Утром поезд застрял возле небольшой станции Желыбино. Окно оказалось напротив мемориальной доски, привинченной к облупившейся вокзальной стене: «Здесь пали смертью храбрых сержант Гусев Степан Яковлевич, ефрейтор Усиков Иван Матвеевич, рядовые Хазифов Хамир Хафунович, Фёдоров Павел Кузьмич и Аликперов Хусейн Измаилович». Через час я выучил наизусть этот погибший список, и поезд наконец тронулся. В полдень мы проехали Москву.

В вагоне было жарко. Я долго смотрел на бегущую пейзажную карусель. Небо горело яркой синевой, вспыхивали бликами озерца. Вот птица, сорвавшись с дерева, полетела в траву, и ветер унёс её, закружив, как клочок бумаги. Вырастали сопки щебня, сменялись зелёным редколесьем, в котором дырой расползался луг, полный одуванчиков. За выпрыгнувшим сосновым бором тянулись рыжие болота, из воды торчали сгнившие берёзовые стволы. Потом начался ельник, оборвался мостом. По другую сторону реки огородился тополями современного вида посёлок с трёхэтажными панельными домами. За ними раскидывалось заросшее сорной травой поле с ржавыми футбольными воротцами и пятнистой козой, привязанной к ним.

Глядя на заброшенные ворота, я почему-то воображал несчастье: как дети играли в футбол и мяч улетел на рельсы, ребёнок не заметил поезда. В тон моим грустным мыслям появлялось кладбище и пряничная церковь.

Проносились похожие на посадочные полосы платформы станций, такие быстрые, что я не успевал прочесть названия. Один за другим сменялись уездные города с милыми простыми именами: Позырев, Лычевец. Вокзалы там часто были просто двухколейными.
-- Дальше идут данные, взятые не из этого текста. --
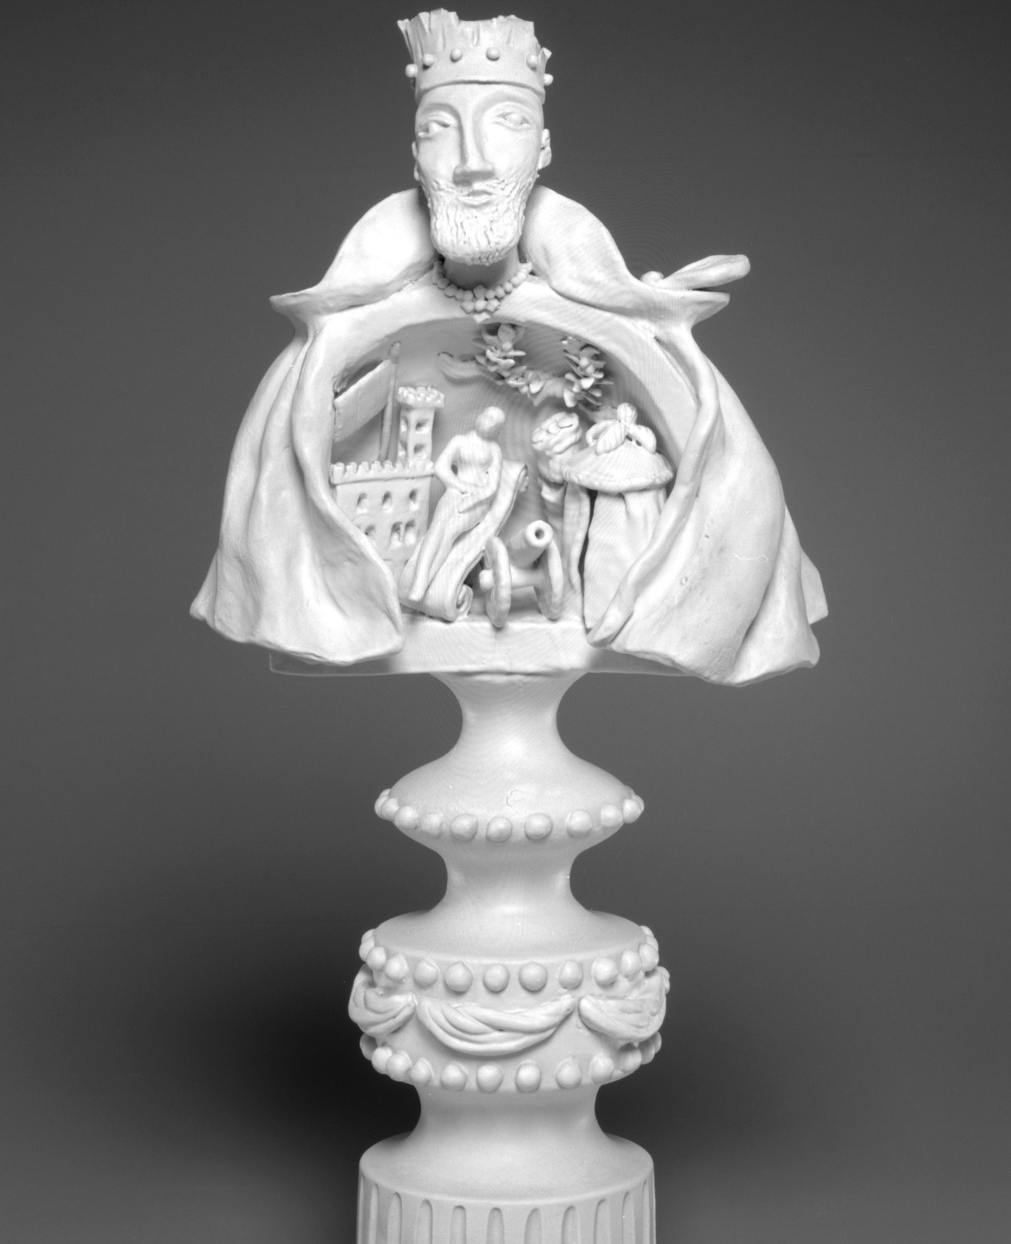 scultura bianca di busto di uomo che al suo interno contiene una scena con figurine

Пока мы стояли, по вагонам слонялись местные коробейники, предлагая прессу, пиво и нехитрую снедь — семечки, беляши, воблу.

На третий день я уже порядком устал от дороги и был рад, когда утром мы миновали Колонтайск. Спустя несколько часов за окном серой водой разлилась громада Урмутского водохранилища, а за ним, словно шахматные башни, встали дымящие жерла АЭС, потянулись бесконечные бараки технических комбинатов с закопчёнными витражными стенами.

Старое здание вокзала напоминало храм с высоким куполом, в глубине которого потускневшие советские фрески изображали былое социалистическое счастье.

Вываливших на вокзальную площадь пассажиров обступили настырные, точно цыганки, таксисты, настойчиво предлагая моторные услуги. Я спросил наименее, на мой взгляд, корыстного, как мне добраться на улицу Чкалова. Таксист пошевелил губами, прикидывая в уме прибыль, и назвал цену, приемлемость которой я всё равно не мог оценить — я путался из-за разницы в рублях и украинских гривнах. В рублях звучало дороже.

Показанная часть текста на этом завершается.